> _Brief_: Write out each record below exactly, without pictures.

----------------

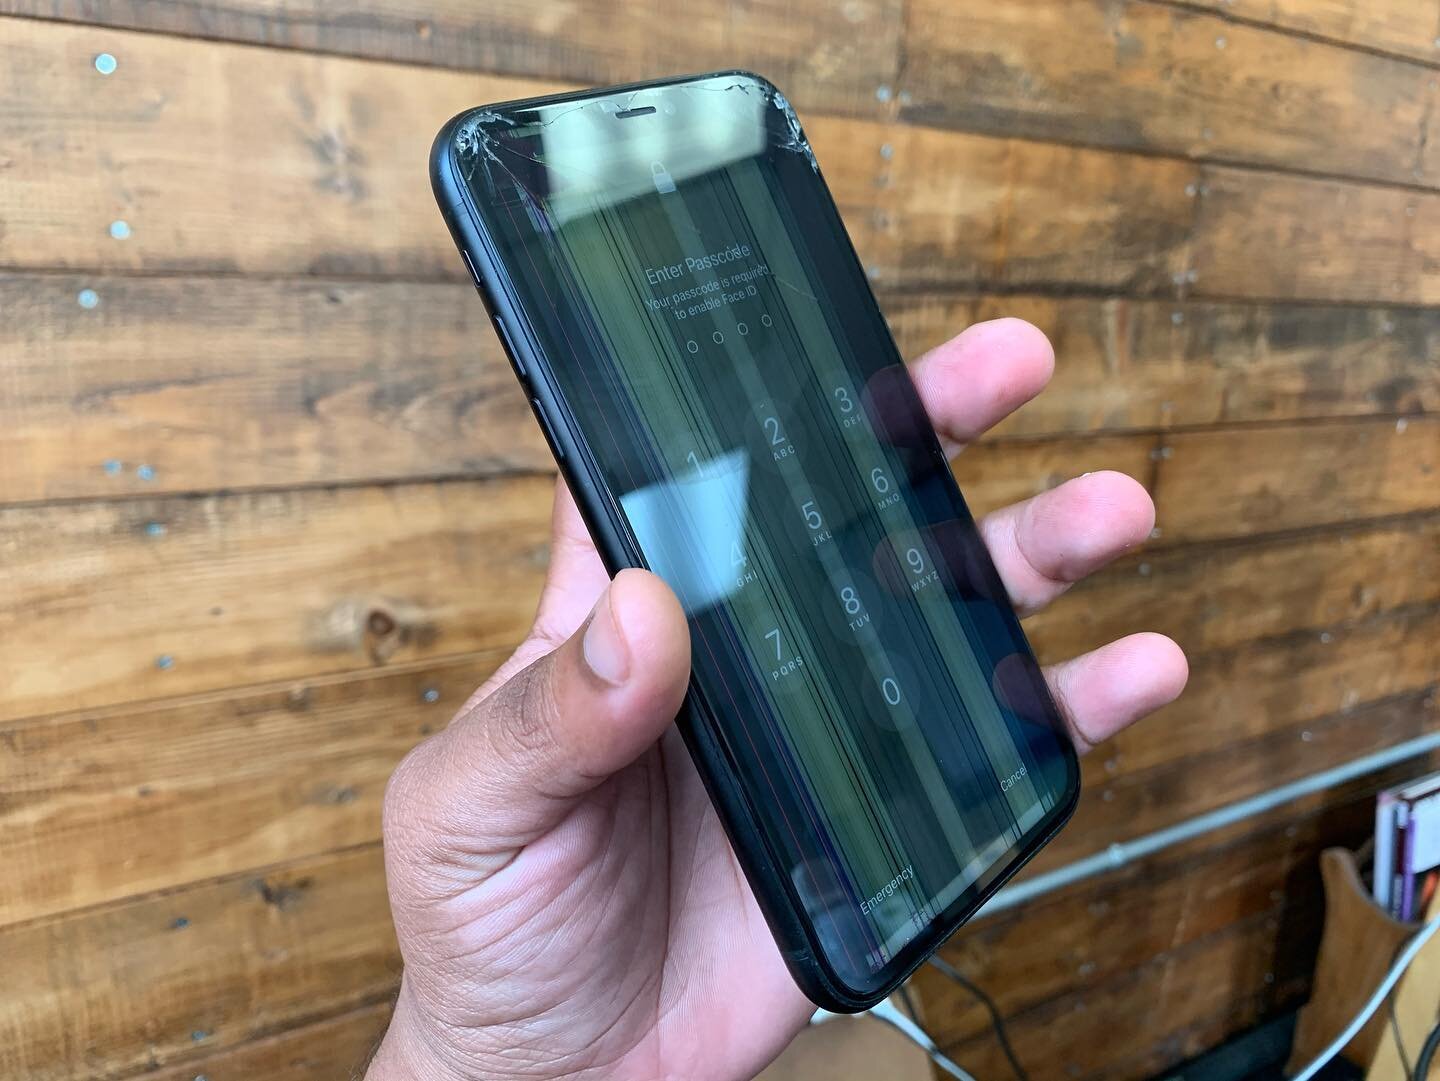 iPhone XR Screen Repair for @ranxman  Original Screen + Lifetime Warranty + FREE Tempered Glass Protector. 📲Call, Text, or slide in our DMs to schedule an appointment. You have our permission.⭐️⭐️⭐️⭐️⭐️⠀⠀⠀⠀⠀⠀⠀⠀⠀⠀⠀⠀⠀⠀⠀⠀⠀⠀ ⠀⠀⠀⠀⠀⠀⠀⠀⠀⠀⠀⠀⠀⠀⠀⠀⠀⠀
💻 Ezekie
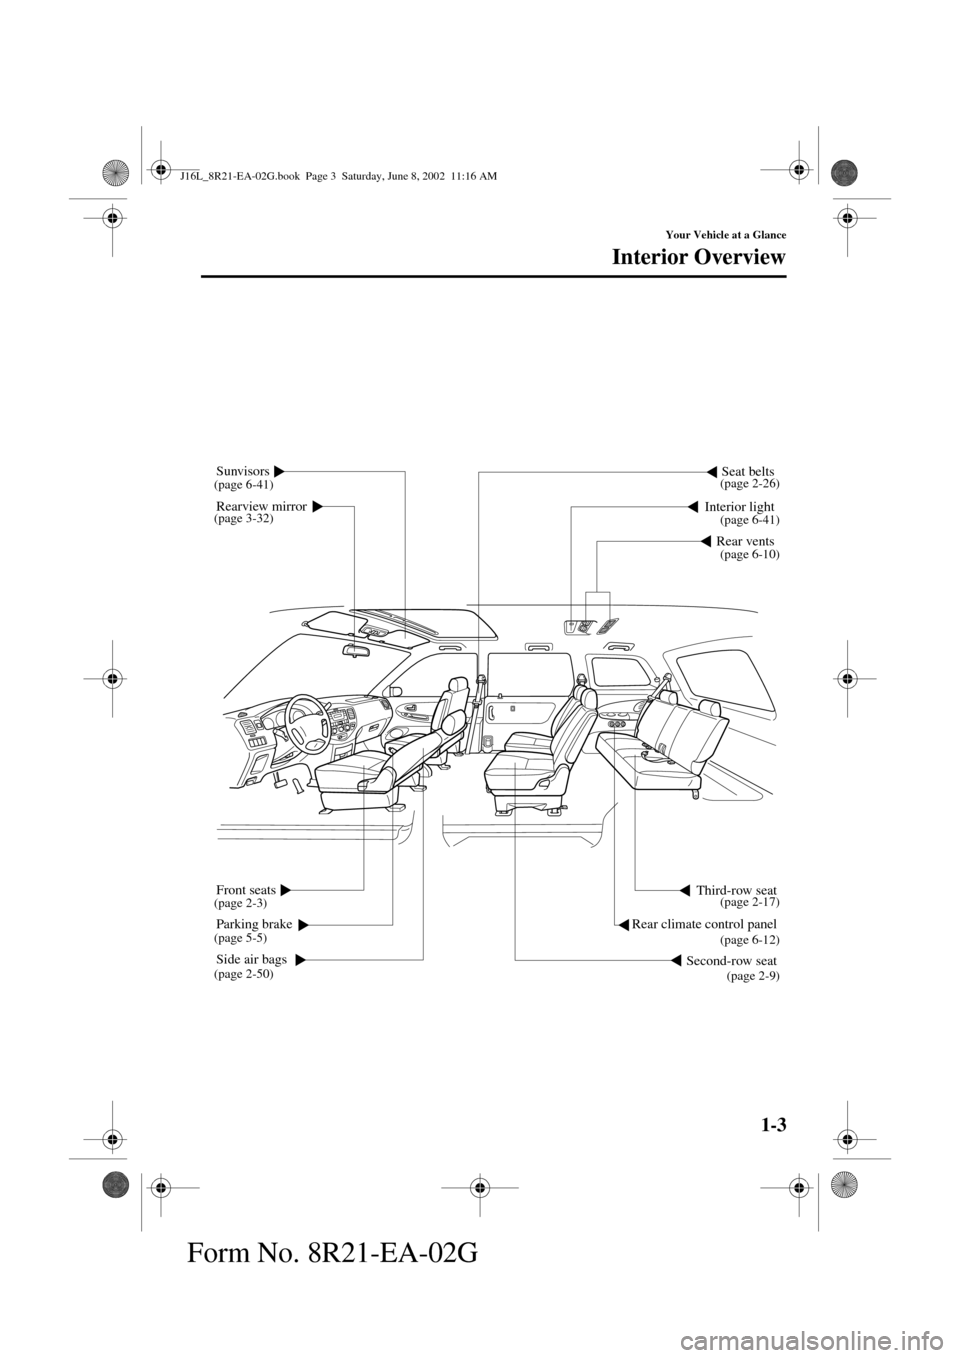 MAZDA MODEL MPV 2003  Owners Manual (in English) 1-3
Your Vehicle at a Glance
Form No. 8R21-EA-02G
Interior Overview
Rearview mirrorSeat beltsInterior light
Sunvisors
Front seats
Side air bagsSecond-row seat
Third-row seat
Parking brakeRear climate

----------------

> _Answer box_:
 iPhone XR Screen Repair for @ranxman  Original Screen + Lifetime Warranty + FREE Tempered Glass Protector. 📲Call, Text, or slide in our DMs to schedule an appointment. You have our permission.⭐️⭐️⭐️⭐️⭐️⠀⠀⠀⠀⠀⠀⠀⠀⠀⠀⠀⠀⠀⠀⠀⠀⠀⠀ ⠀⠀⠀⠀⠀⠀⠀⠀⠀⠀⠀⠀⠀⠀⠀⠀⠀⠀
💻 Ezekie
 MAZDA MODEL MPV 2003  Owners Manual (in English) 1-3
Your Vehicle at a Glance
Form No. 8R21-EA-02G
Interior Overview
Rearview mirrorSeat beltsInterior light
Sunvisors
Front seats
Side air bagsSecond-row seat
Third-row seat
Parking brakeRear climate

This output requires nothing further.